Flickr/Creative Commons—Nicola
Flickr/Creative Commons—Nicola

By Gregory M. Lipper

Although the biggest abortion-related news last week came from the U.S. Supreme Court, a Missouri state senator (turned Attorney General candidate) took the prize for most bizarre.

Senator Kurt Schaefer—chairman of the Missouri Senate’s interim “Committee on the Sanctity of Life”—wrote a stern letter to the University of Missouri; he suggested that state law prohibited a Ph.D student from researching the effects of Missouri’s mandatory 72-hour waiting period for women who want to have an abortion.

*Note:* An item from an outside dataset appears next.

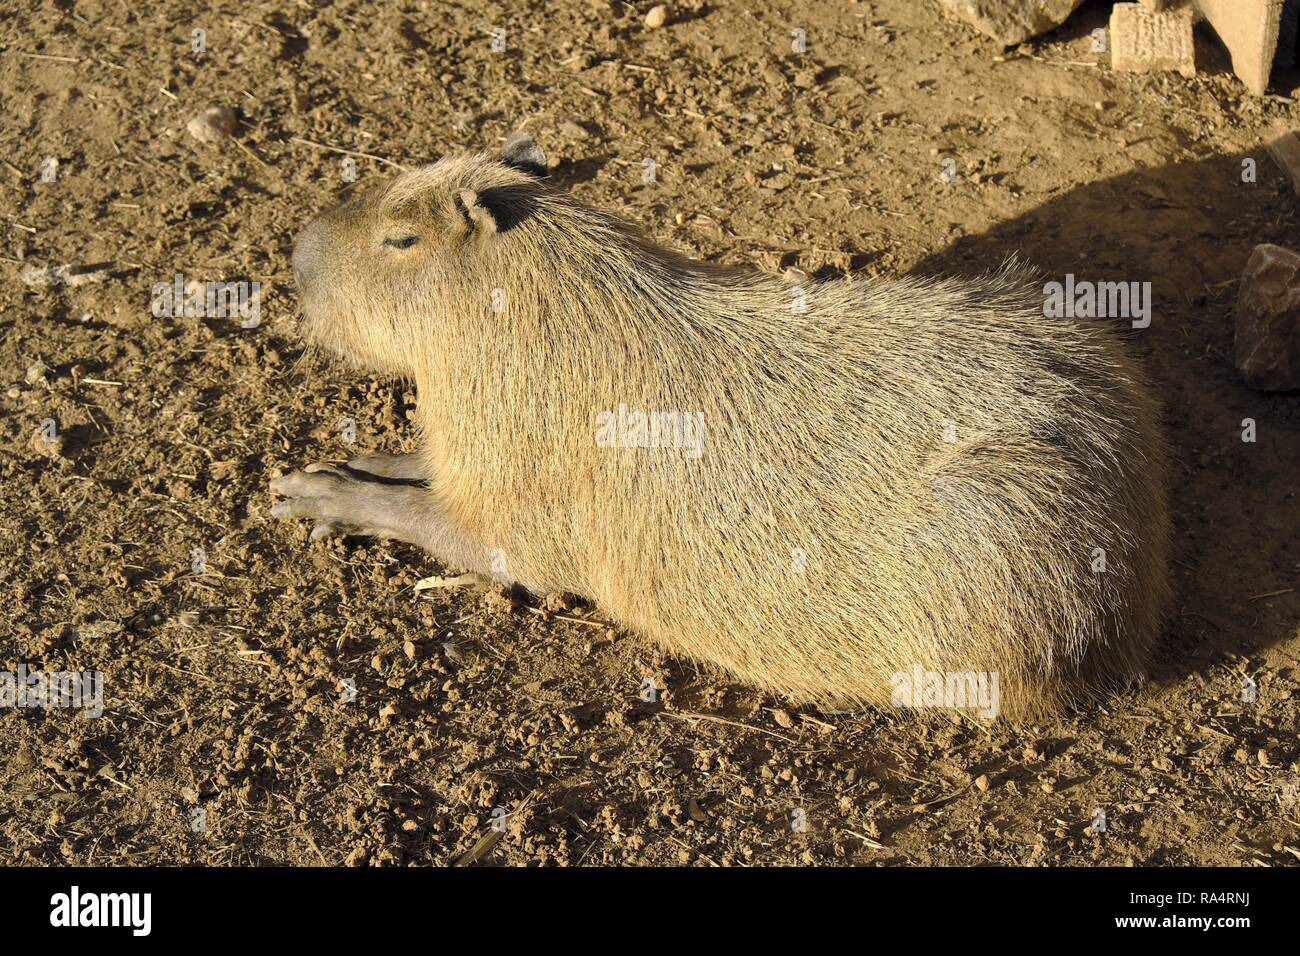 Kapibara wielka - lac. Hydrochoerus hydrochaeris - w ogrodzie zoologicznym Single Capybara, known also as Chiguire or Carpincho, Hydrochoerus hydrochaeris, in a zoological garden Stock Photo
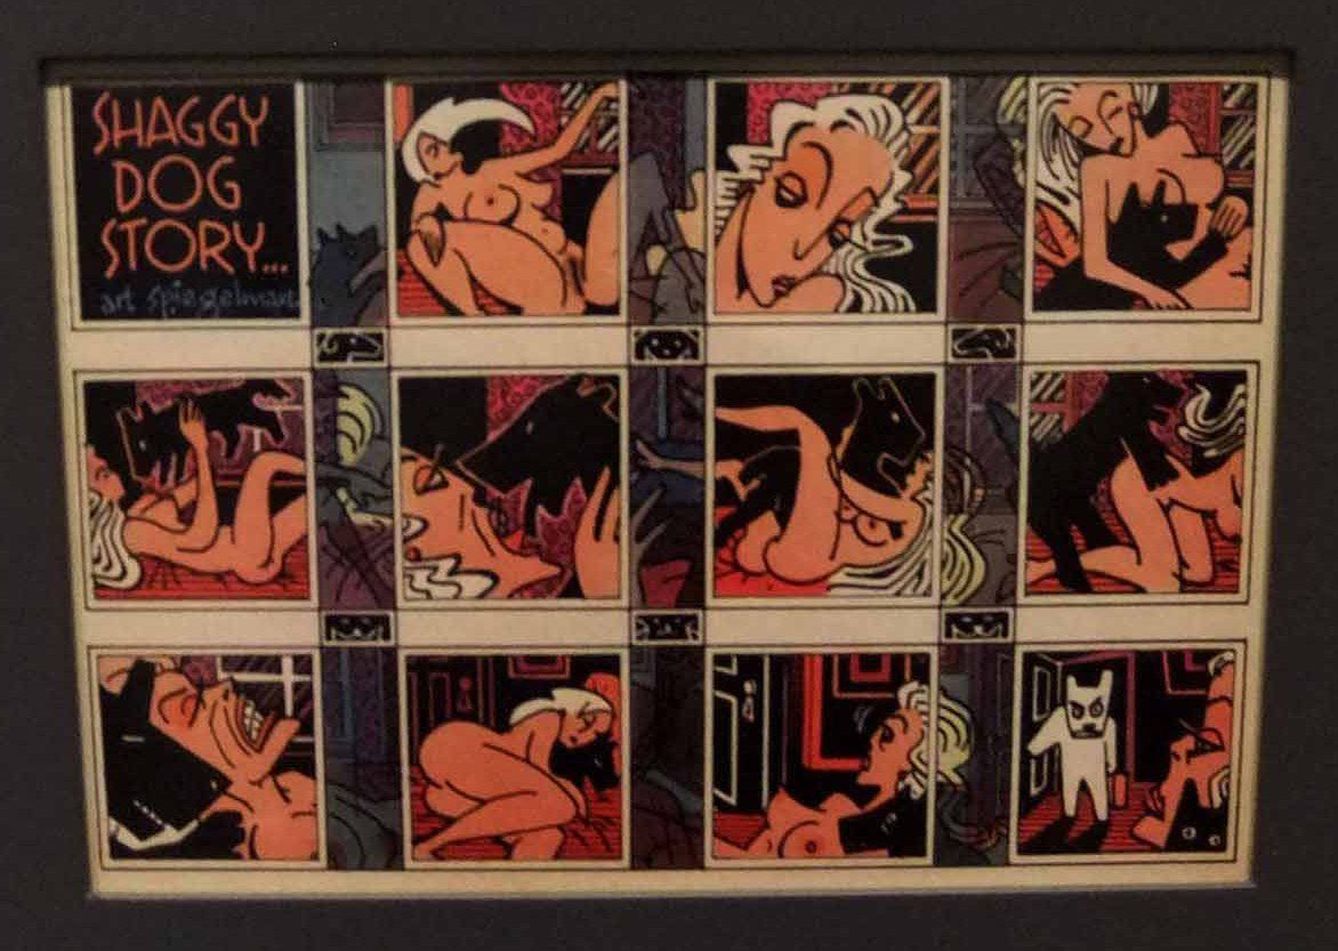 'Shaggy Dog Story', publicada por Spiegelman en 1979 en 'Playboy'.

The law he cited provides, “It shall be unlawful for any public funds to be expended for the purpose of performing or assisting an abortion, not necessary to save the life of the mother, or for the purpose of encouraging or counseling a woman to have an abortion not necessary to save her life.”

This farfetched attempt to censor academic research on the effects of government policy raises a pair of legal issues (and one psychological observation…).

First, Senator Schaefer’s interpretation of the statute is, to put it mildly, a stretch. The student isn’t going to be “performing or assisting an abortion”; she’s going to be studying abortion—more precisely, the 72 hours between when a woman seeks an abortion and is allowed to have an abortion.